Implement the query-efficient Square Attack:
class SquareAttack:
    # Black-box attack using only model outputs
    # No gradients needed!
    pass
Compare TRADES and standard PGD adversarial training:
  • Train models with both methods
  • Compare clean vs robust accuracy tradeoff
  • Evaluate with AutoAttack
Implement and evaluate randomized smoothing:
  • Train a smoothed classifier
  • Compute certified radii
  • Plot certified accuracy vs radius

Training Tips

Practical adversarial robustness checklist a senior ML engineer would follow:
  • Never evaluate robustness with only FGSM. FGSM is a weak attack. Models that appear robust against FGSM often crumble against PGD-20 with random restarts. Use AutoAttack as the minimum standard for robustness claims.
  • Always use the correct epsilon for your domain. Standard benchmarks: MNIST epsilon=0.3 (L-inf), CIFAR-10 epsilon=8/255, ImageNet epsilon=4/255. Using the wrong epsilon makes results incomparable to the literature.
  • Budget for the accuracy-robustness trade-off. Adversarial training will cost you 5-15% clean accuracy. Communicate this trade-off to stakeholders before starting.

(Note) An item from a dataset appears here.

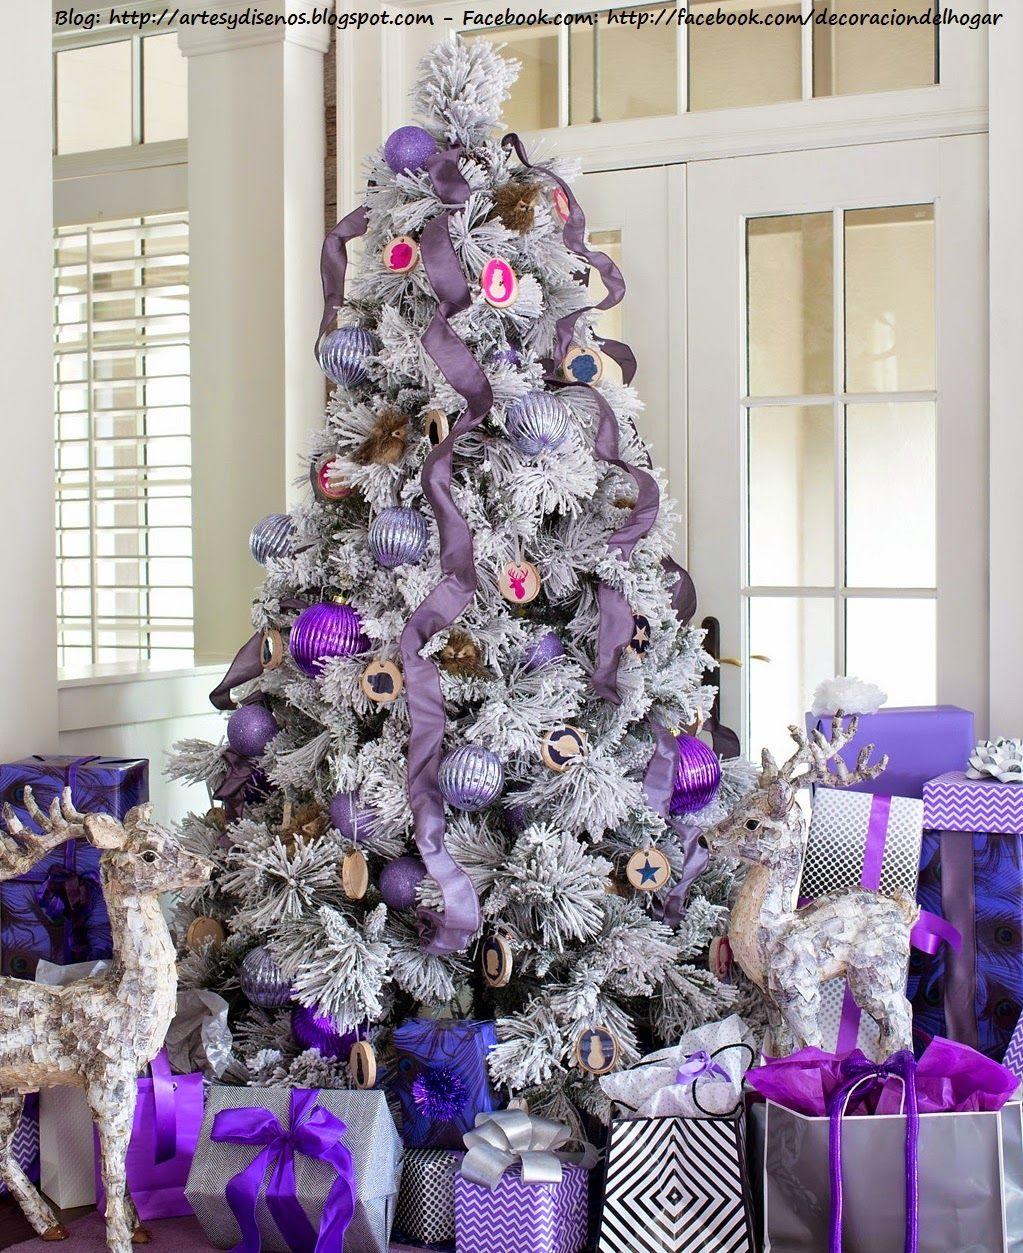 Decorar la casa para navidad con tonos lila violeta - Decoraciones del arbol de navidad ...

  • Use a wider model. Robust models need more capacity than standard models. WideResNet-28-10 is the standard backbone for adversarial training on CIFAR-10; don’t expect a ResNet-18 to achieve competitive robust accuracy.

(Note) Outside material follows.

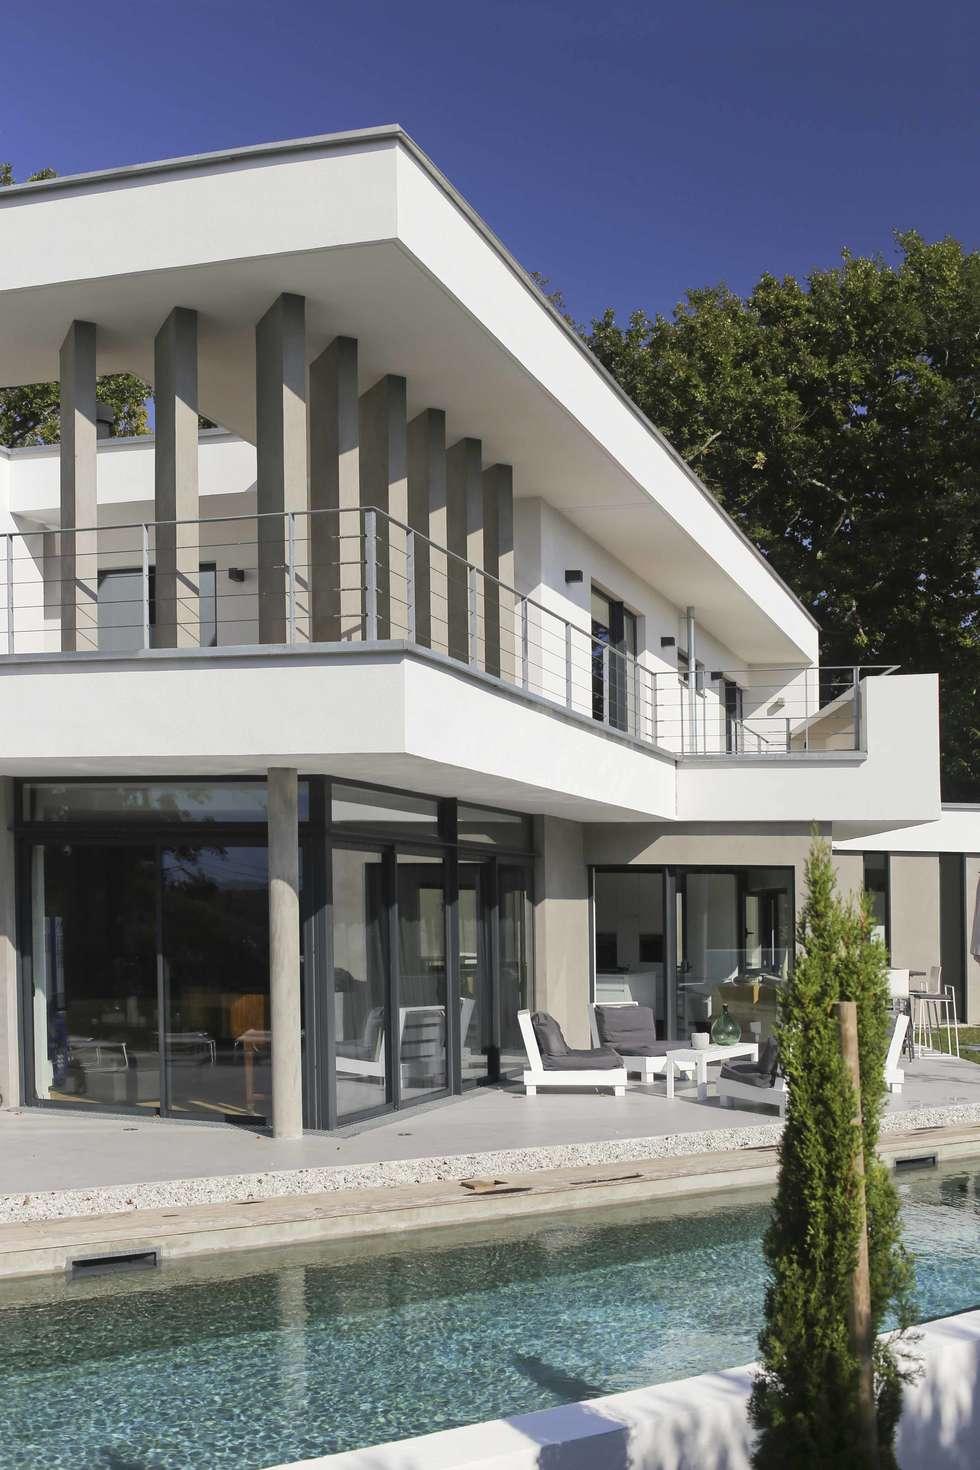 Maison neuve à biarritz: maisons de style de style moderne par ...

  • Early stopping on robust accuracy, not clean accuracy. Overfitting to adversarial training data manifests as decreasing robust test accuracy while clean test accuracy stays flat or increases. Monitor both throughout training.
  • For certified robustness, train with Gaussian noise augmentation. The base classifier in randomized smoothing performs best when trained on Gaussian-corrupted inputs matching the smoothing sigma.

Interview Deep-Dive

Strong Answer:
  • FGSM (Fast Gradient Sign Method): a single-step attack. Compute the gradient of the loss with respect to the input, take its sign, and scale by epsilon. The adversarial image is xadv=x+ϵsign(xL)x_{adv} = x + \epsilon \cdot \text{sign}(\nabla_x L). It’s fast (one forward + one backward pass) but weak because the loss landscape is highly non-linear and a single gradient step often doesn’t find the worst-case perturbation.

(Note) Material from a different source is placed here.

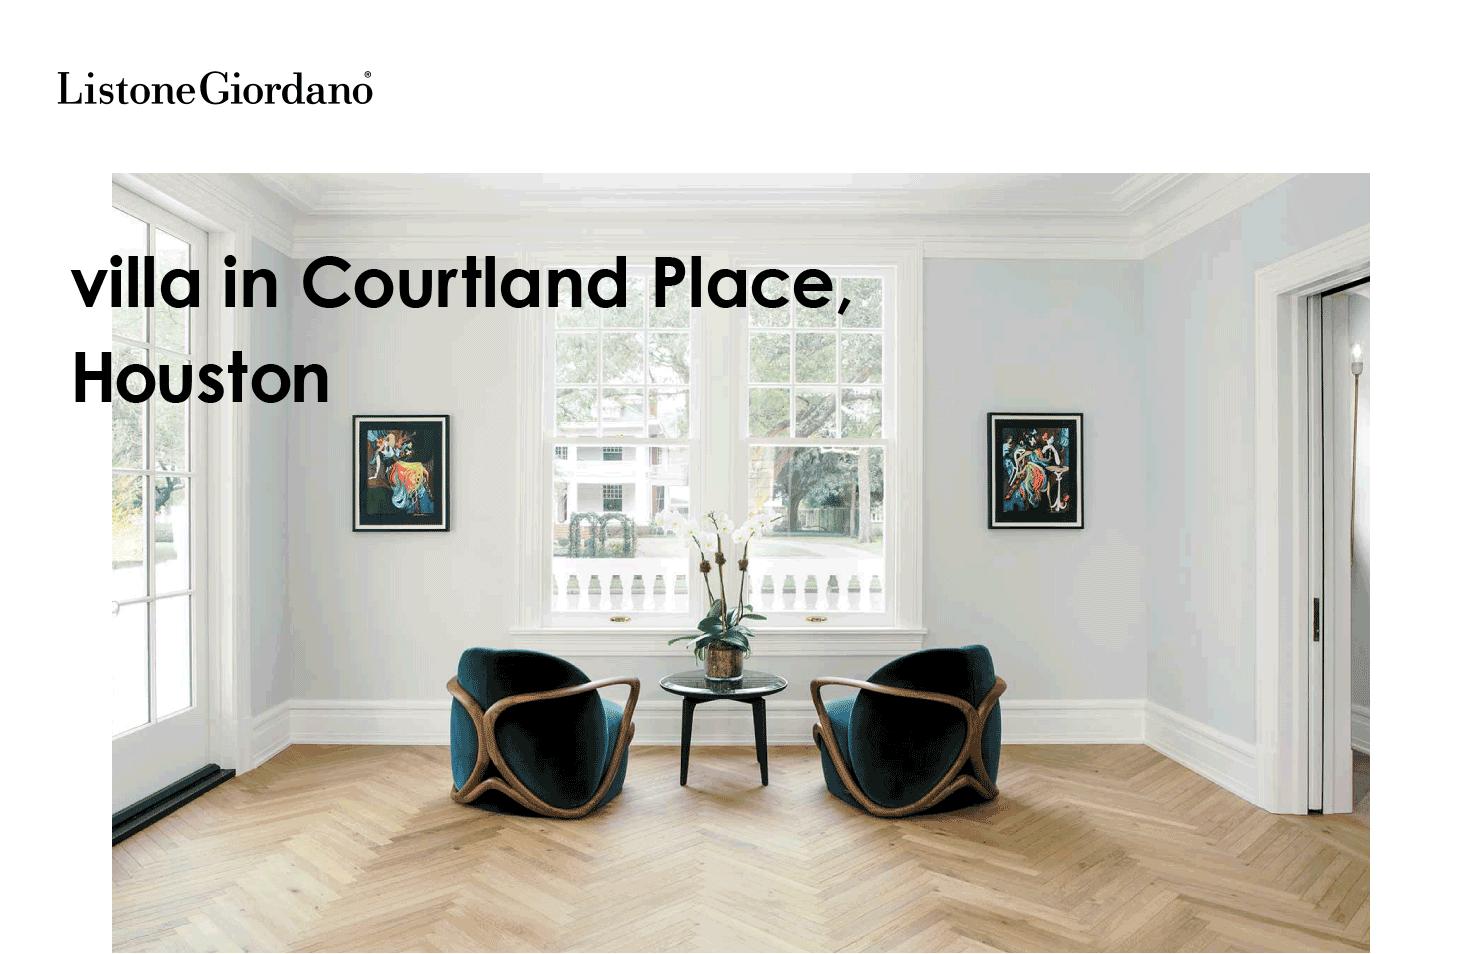 Listone Giordano villa in Courtland Place, Houston

  • PGD (Projected Gradient Descent): an iterative version of FGSM. Take many small FGSM steps (step size alpha, typically alpha = 2.5 * epsilon / num_iter), and after each step project the perturbation back into the L-infinity epsilon ball. Start from a random point within the ball (random restart) to avoid local optima. With enough iterations (20-40) and random restarts (10+), PGD is provably near-optimal among first-order attacks.
  • Why PGD is the gold standard: Madry et al. (2018) showed that PGD’s inner maximization problem is approximately solved by iterative projected gradient ascent, and that adversarial training against PGD produces models robust to all first-order attacks. The key theoretical insight is that the adversarial loss landscape, while non-convex, has no problematic local maxima in practice — PGD reliably finds near-optimal adversarial examples.
  • Limitations of PGD: (1) it only finds first-order adversarial examples — second-order attacks or optimization-based attacks (C&W) can sometimes find smaller perturbations; (2) PGD is slow for large epsilon budgets or high-resolution images; (3) PGD evaluates L-infinity robustness by default, but real-world attacks may use other threat models (L2, spatial transformations, color shifts). For this reason, AutoAttack (a standardized ensemble of four diverse attacks) has become the recommended evaluation protocol.
  • A senior engineer would note: the number of PGD restarts matters enormously. Evaluating with PGD-20 (20 steps, no restarts) can overestimate robustness by 5-10% compared to PGD-20 with 10 random restarts. Always report the attack configuration precisely.
Follow-up: When would you use C&W attack over PGD?C&W is an optimization-based attack that minimizes perturbation size rather than maximizing loss within a fixed budget. Use C&W when you need to demonstrate that very small perturbations suffice for misclassification (e.g., to argue that a model is fundamentally vulnerable). C&W is 50-100x slower than PGD but finds perturbations that are often 2-3x smaller in L2 norm. In practice, PGD is used for training and routine evaluation; C&W is used for thorough vulnerability assessment and when writing papers.
Strong Answer:
  • The empirical observation: adversarially trained models consistently achieve lower clean accuracy than standard models. On CIFAR-10: standard training gets approximately 95% clean accuracy, while PGD adversarial training (epsilon=8/255) gets approximately 85% clean accuracy and approximately 50-55% PGD-robust accuracy. On ImageNet: standard models hit approximately 80% top-1; adversarially robust models hit approximately 65% clean and approximately 35% robust.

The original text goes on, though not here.